Sunday, March 15, 2009

Boeung Tumpun Community Development Program


In the southwest outskirts of Phnom Penh a gravelly road gives way to a path of dirt and cement chips. On either side houses stand on stilts in the dry season. In the wet season you can only reach these houses by boat. When the water drains the road appears with new muddy holes. The villagers fill the holes in with broken slabs of cement and rock, a solution that creates a navigable but painfully sharp road. The families live here temporarily. At any time they may have to move. For this reason they try to build their houses of steel, to carry easily to their next home. The poorer families have to use wood.
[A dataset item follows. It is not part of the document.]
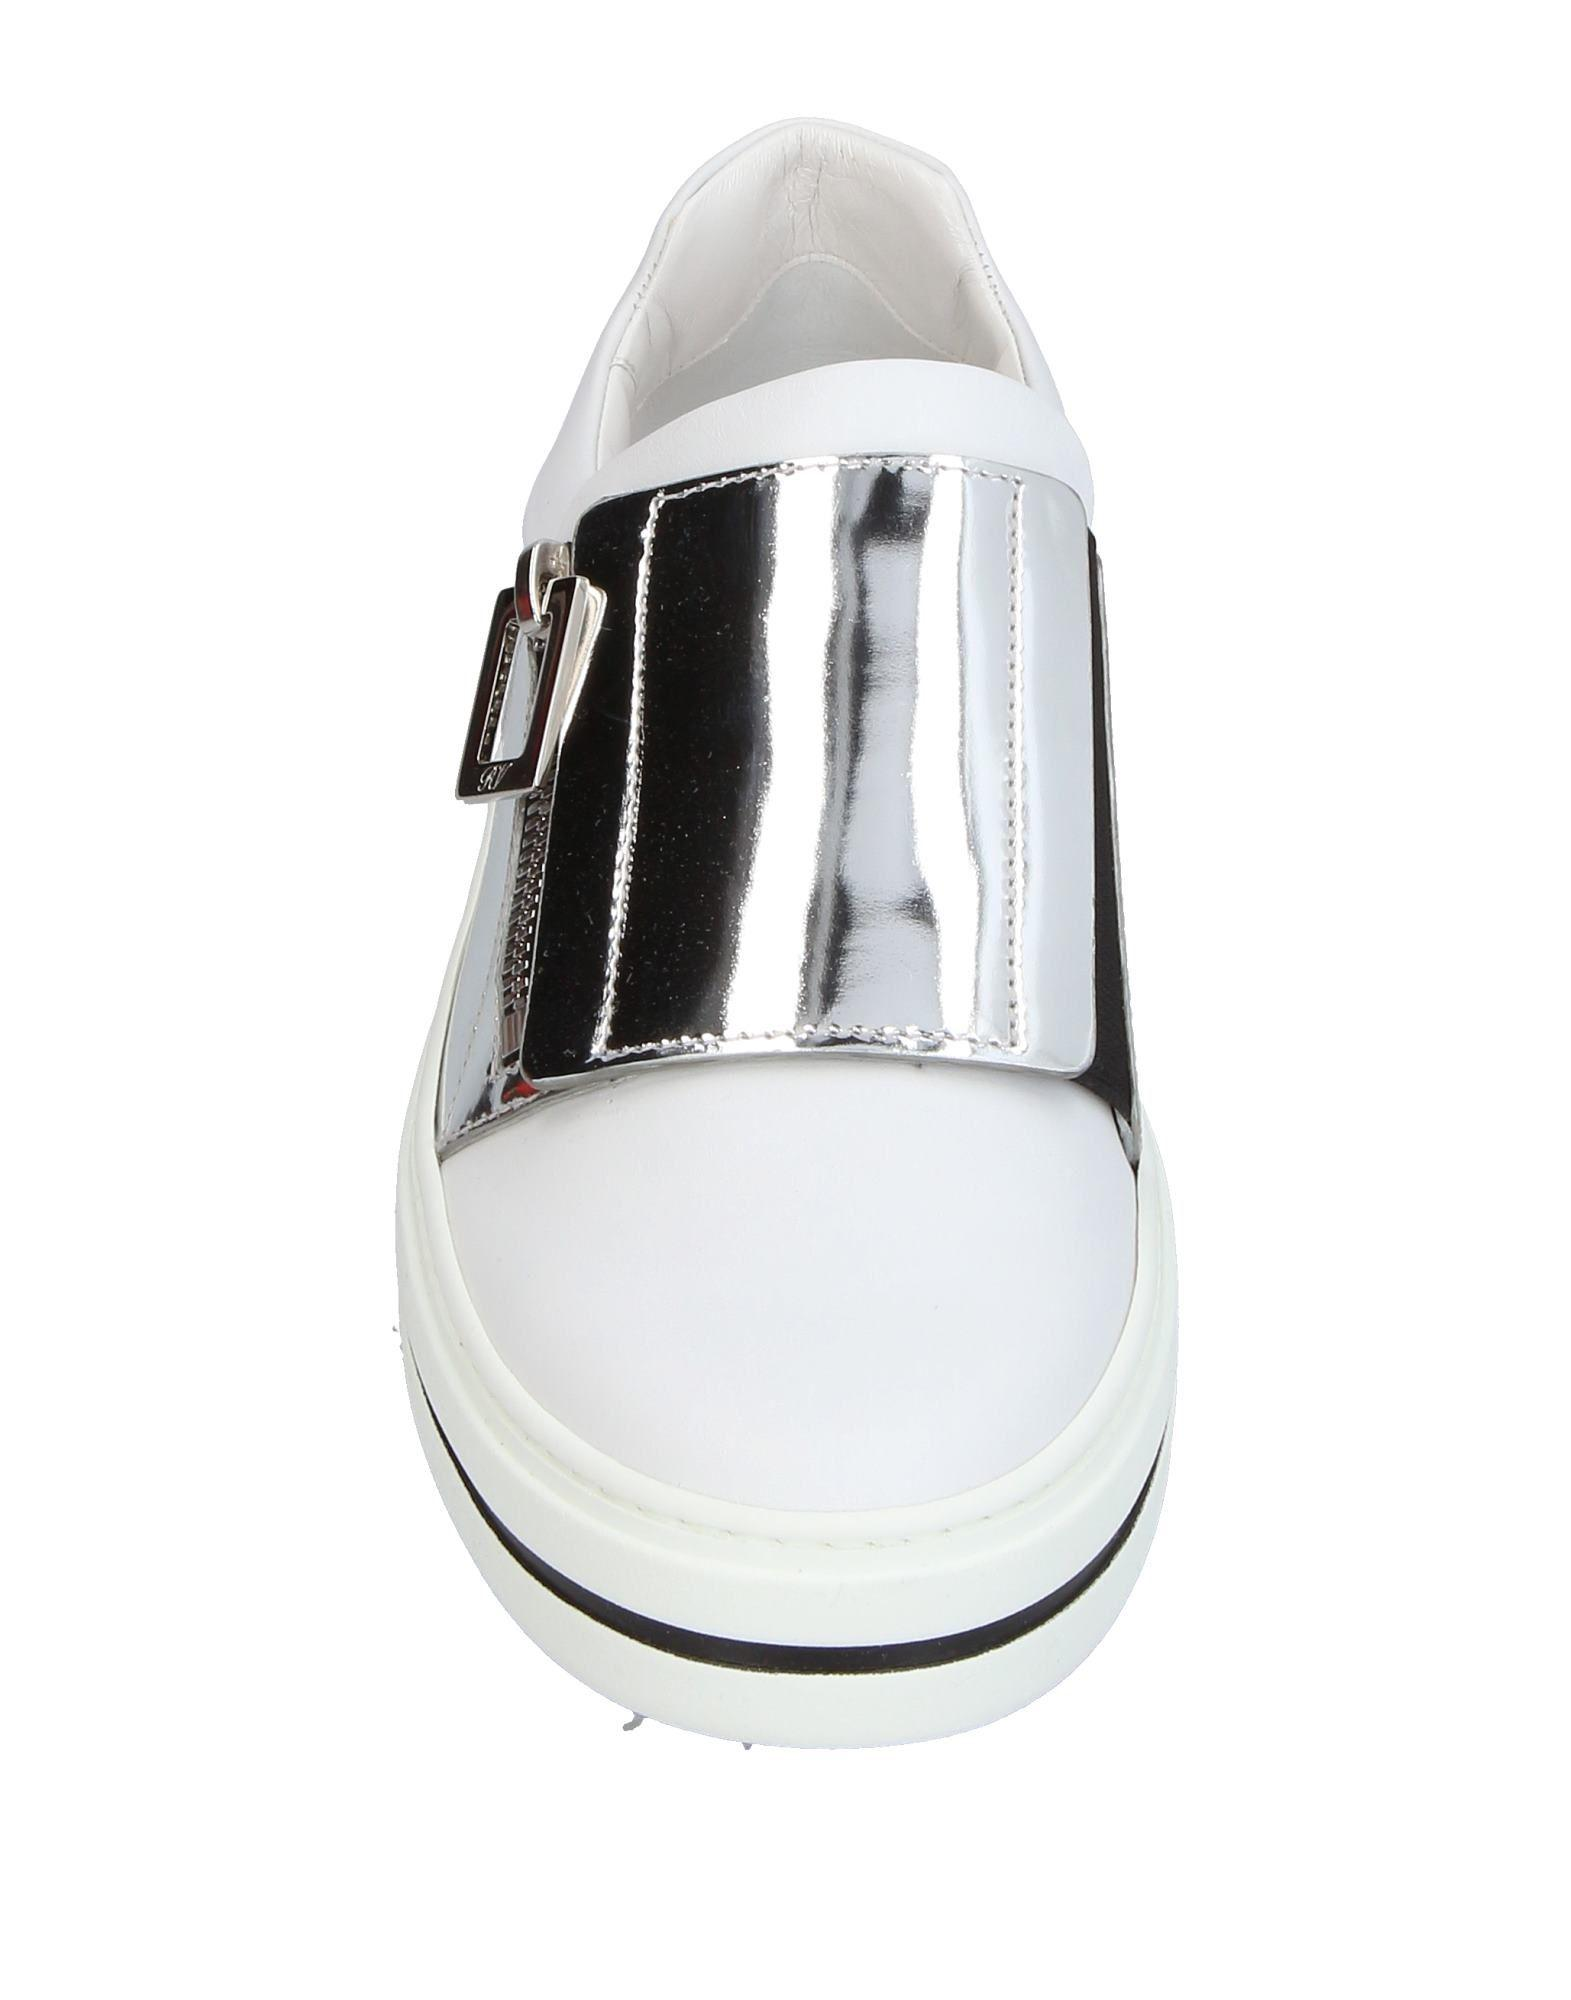 Roger Vivier Leather Low-tops & Sneakers in Silver (Metallic)

Outside the houses are fields of a cheap vegetable - a staple of Cambodian diet, whose name I can't recall.

Sister Regina's Community Health and Education Project comes with a tarp and a deck of cardboard signs. Children come with babies on their hips. Mothers arrive with children to drop off. Children and teacher spread the tarp out on the cement yard under a house.

Class begins. The children, ages 0 to 10, are attentive. They love the attention from the teacher. They love when she calls them up to answer questions. They sing a song about dengue fever. The dengue fever mosquitos come in the day, they sing, so when you rest in the day make sure to be covered.

Regina let us watch this class and take pictures. The children in the back were distracted, catching my eyes to steal a smile. The teacher was animated though. I couldn't understand the words, but it was clear that Regina was right when she said this was a natural born teacher.

Anyone is welcome to the class, but the parents usually don't attend, and the kids don't travel more than a couple hundred meters from their homes. For this reason, the classes move from one small neighborhood to another. They find a nice patch of concrete under a house and ask the owner if they can hold weekly classes. None of the owners have never objected.
Above, the children demonstrate covering your mouth when you cough so you don't spread tuberculosis.

Even though the adults don't come, the health messages taught reach the adults as the kids share their new knowledge with their families. Watching the kids, I saw the benefit went well beyond the health education. Children in poor families hear much fewer words than their richer counterparts. The children we saw who didn't attend class wandered about the road unsupervised. I'm not sure what the kids would do all day, but it was clear that this time with the teacher was a time they cherished. The fact that the teachers come shows the kids that someone cares for them, someone takes time for them, and someone wants to hear their voices.

A few houses down another program was set up. Regina had watched the kids playing and noticed that even the older children didn't play with each other, so much as both play with the same thing. She noticed that the kids had trouble with simple puzzles, even the older kids. So they brought toys to play with - puzzles, interactive games and blocks to help the children develop normally socially and intellectually. This playroom was set up inside one of the one room houses, rented from the owners for $50 per month.


The kids were playing a game they had invented using cards with pictures of fruits and vegetables, many of which I couldn't recognize myself, but they all knew the names in Khmer. Unlike the children we'd seen at the orphanage, these kids were too engaged with each other to pay much attention to us. Plus, why would they want to play with grown-ups who can't recognize a sau- mau when they see one?